Zachary O in BO

Zachary Ostroff

PHOTOS: Max Houtzager

What was that?” I thought to myself. I spun my legs off of the twin mattress so fast that I nearly forgot to stand up. Still reeling from the sensations of the dream, I sat down cross-legged on the floor and tried to figure out what had just happened in my subconscious mind.

I found my gaze submersed in deep blue water. Looking around, my only neighbors were thick spherical bubbles the size of small apples. I didn’t know which way was up to oxygen or which way was down to the ocean floor, but for some reason I wasn’t worried. I felt something I had not felt in a long time: peace.
Suddenly white water rushed around me and I felt my body spinning every direction at once. In the rush of water molecules, just as I could feel my lungs tightening, the white water faded into a sunlit yellow hue, and I realized I was once again staring at my dorm room ceiling in Columbia University. I saw “7:25″ on my phone’s screen, five minutes before my alarm was set to wake me. Without moving my head, I reached my hand up onto my desk to tap the spacebar of my computer to turn on whatever music I had been listening to last night. As I brought my hand back under my chin to resume my dream analysis, I heard Eddie Vedder’s voice bellowing from my speakers, “Ooohhhhh….Ooooohhhhhh,” singing above the powerful movements of Pearl Jam. My eyes widened as I sharpened my hearing, realizing that good ol’ Ed gave me the answer: it was “Oceans,” a song about his love affair with surfing.
As summer vacation was just a few weeks away and these aquatic dreams became more common, I made a pact with myself that when I returned home to Northern California, I would brave the cold water and my fears of the ocean and finally learn how to surf.

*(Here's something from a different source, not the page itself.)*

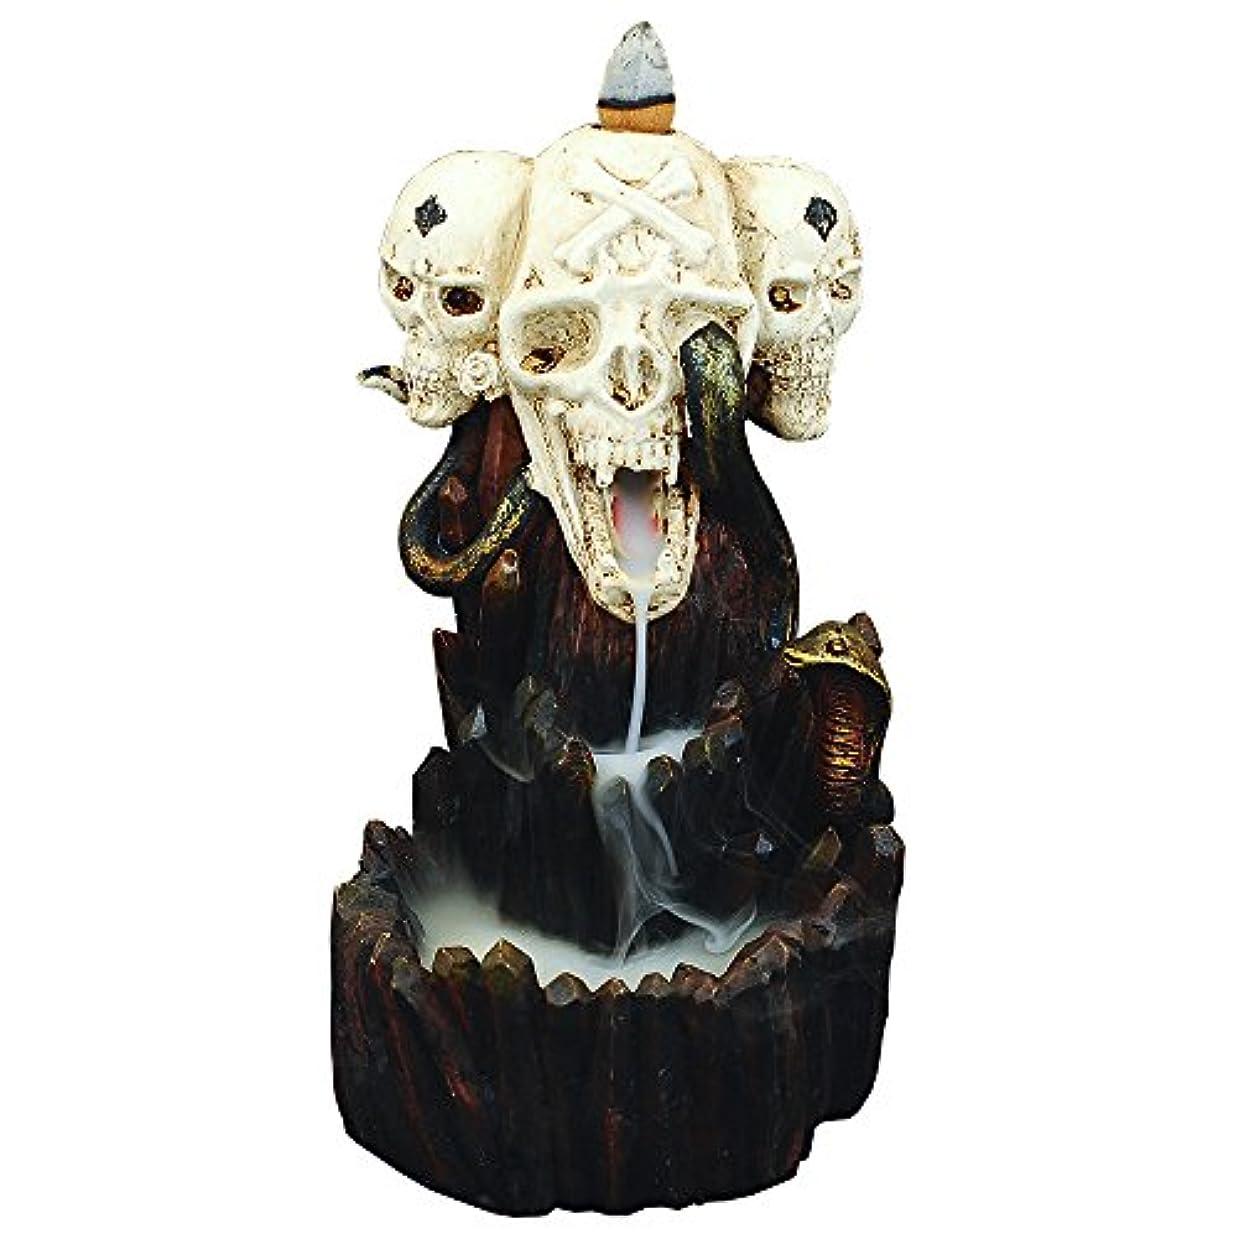 払い戻しベアリング武装解除zingyou Skull Backflow Incense Burner、樹脂Incense Holder with Incense Cones – ハロウィーンゴーストヘッド、スカル M ブラック 14200705
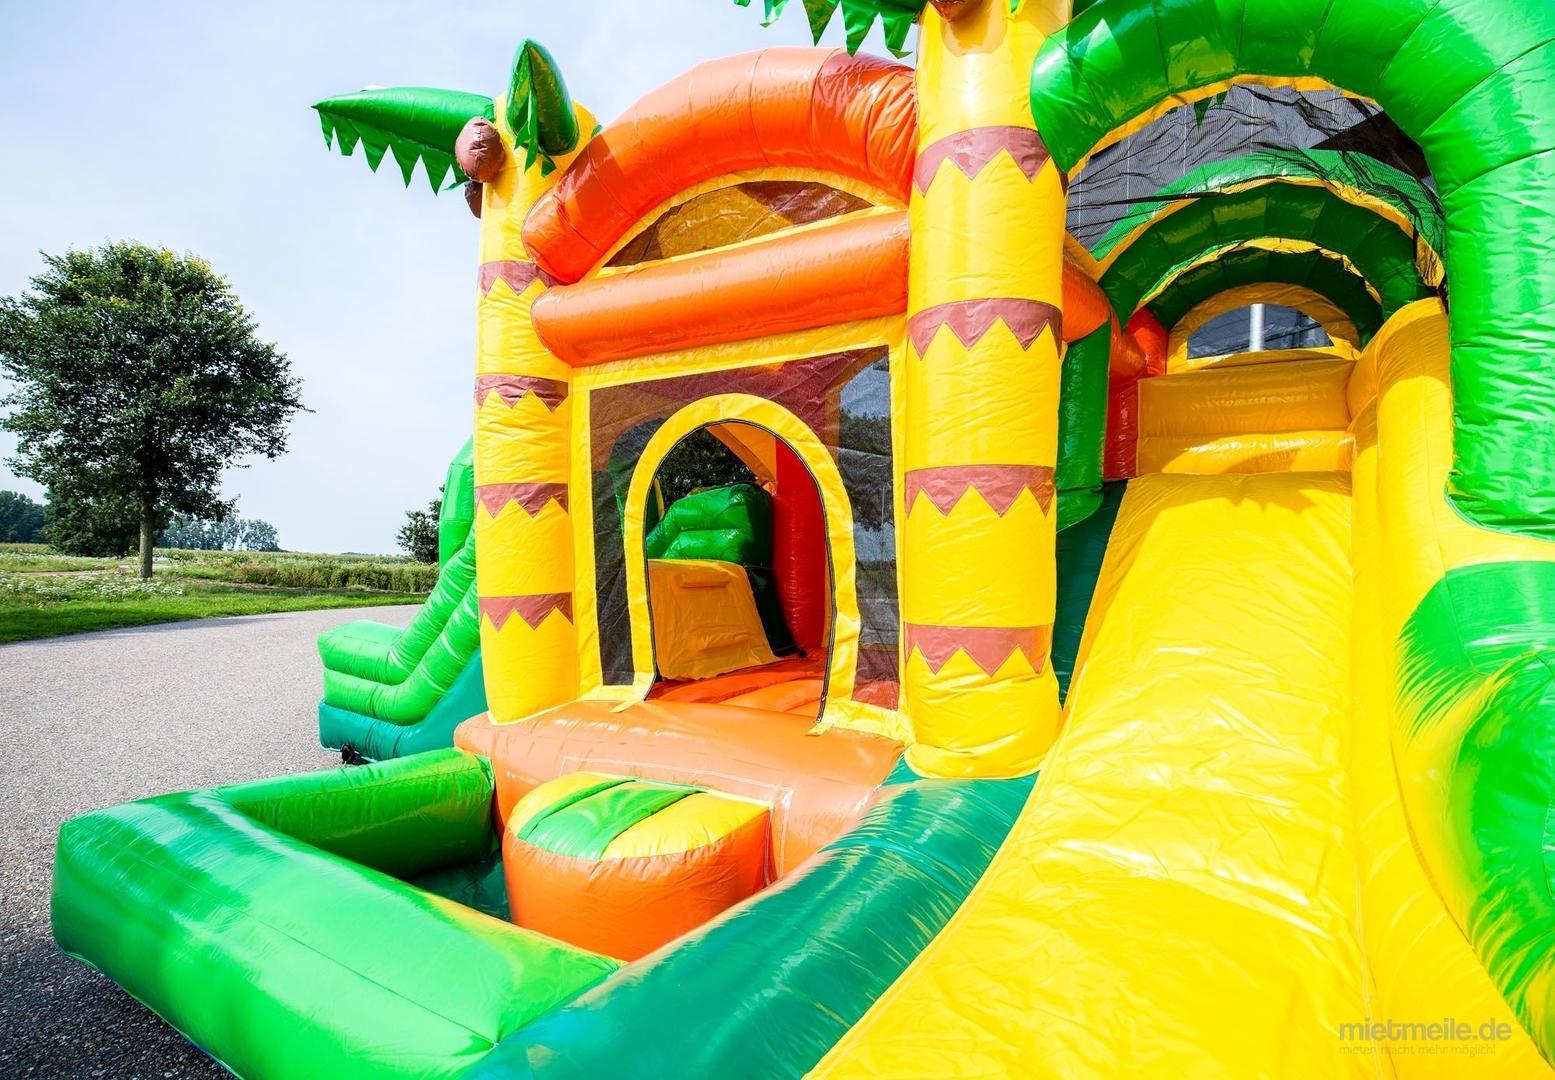 Hüpfburg mieten & vermieten - Hüpfburg Jumpy Fun Dschungel in Ludwigshafen am Rhein

Fast-forward to one mid-June afternoon, now back in California, sitting at a piano to compose some music. The sounds my fingers played began drawing images of water in my mind again. Without resolving the previous chord, I picked up my phone and texted my good friend Erik, an experienced waterman. The next morning we were on our way to a place that would become my second home over the coming year: Bolinas, California.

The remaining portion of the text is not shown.